Advances in Science of Oceanography

Ocean sciences are rapidly yielding to man a knowledge of the underwater world and a technology to extract its wealth. Sea food and minerals of untold abundance are in the offing for a world half underfed and already being depleted of its land resources. The ocean depths also promise future profits to industry, and economic power to whichever maritime nations gain the lead in exploiting them.

At the same time, the very success of deep-sea exploration is creating problems. Some specialists believe more is being promised the public by some enthusiasts than can be delivered from the oceans in the near future. Covering 70 per cent of the earth with water at great depths, the oceans present a hostile environment and do not give up their riches easily.
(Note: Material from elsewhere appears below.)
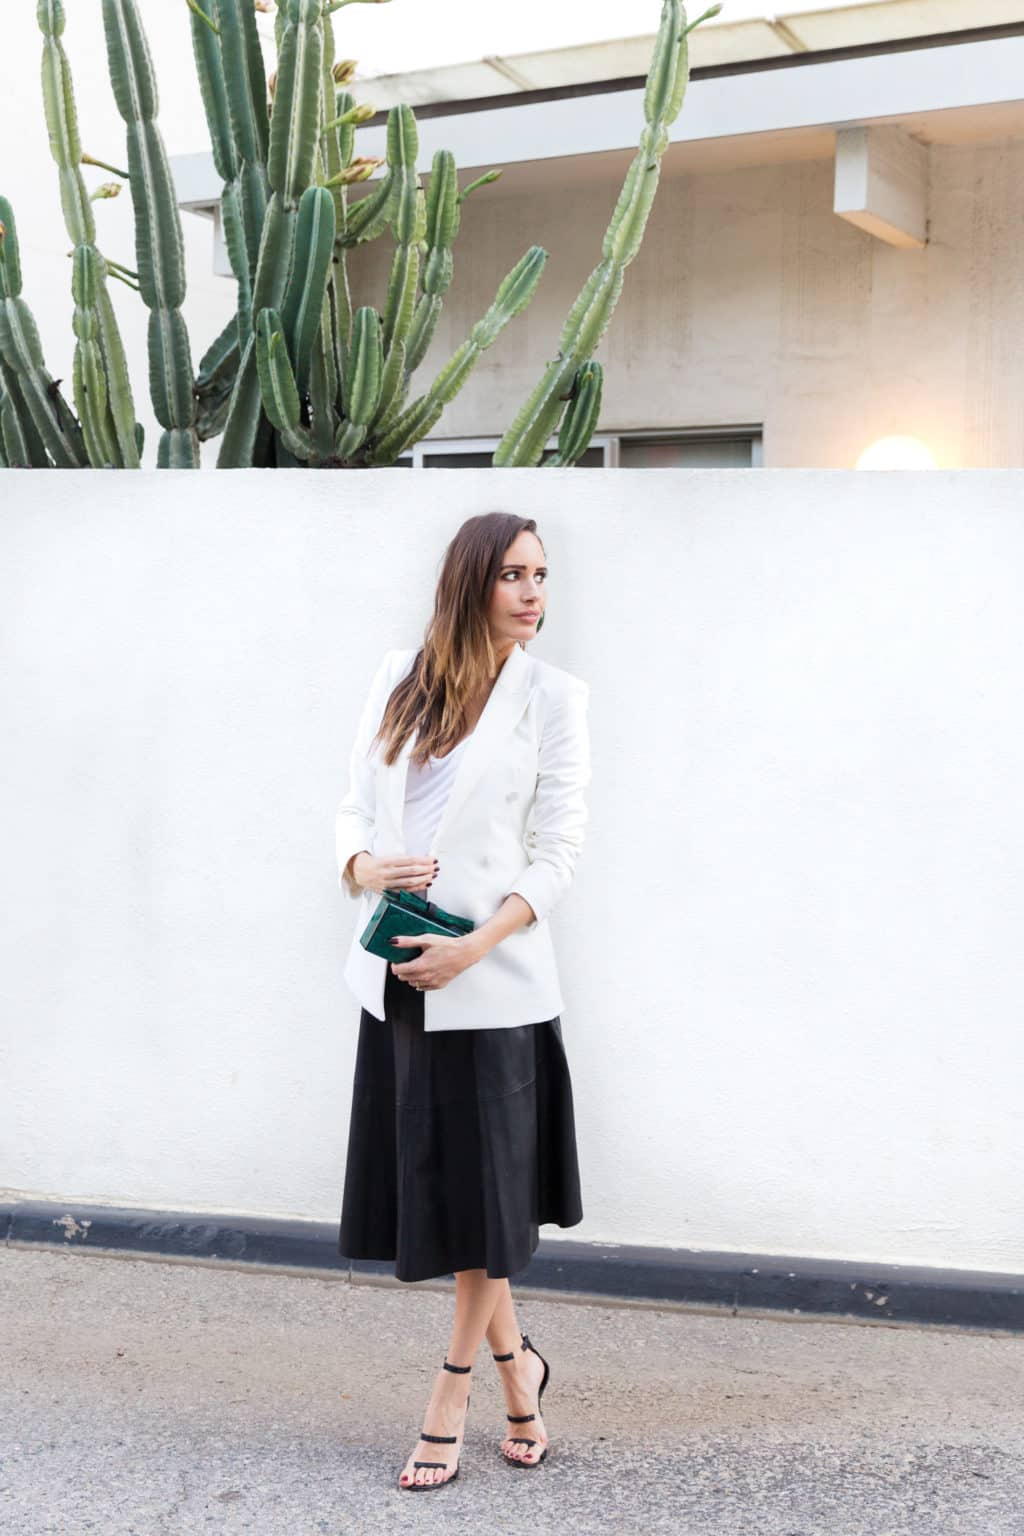 Winter Whites: Faux Pas or Fashion Forward? - Front Roe by Louise Roe

Even now, only 5 per cent of the 140-million-square-mile ocean floor has been explored—and nearly all of that in relatively shallow offshore waters.

Some of the underdeveloped nations nevertheless have expressed concern in the United Nations over the possibility that the seabed, in effect, may be colonized by maritime powers in the way Asia and Africa were colonized in the 19th century. Poor nations—about 80 of the 123 U.N. members are in that category—fear that they will be denied tomorrow's wealth if the ocean bottom is carved up through nationalistic enterprise. The tiny Mediterranean island of Malta, a member of the world body, formally asked the United Nations in 1967 to assume control of the ocean floor beyond the continental shelves and allocate to the poor countries of the world the proceeds from exploitation of its resources.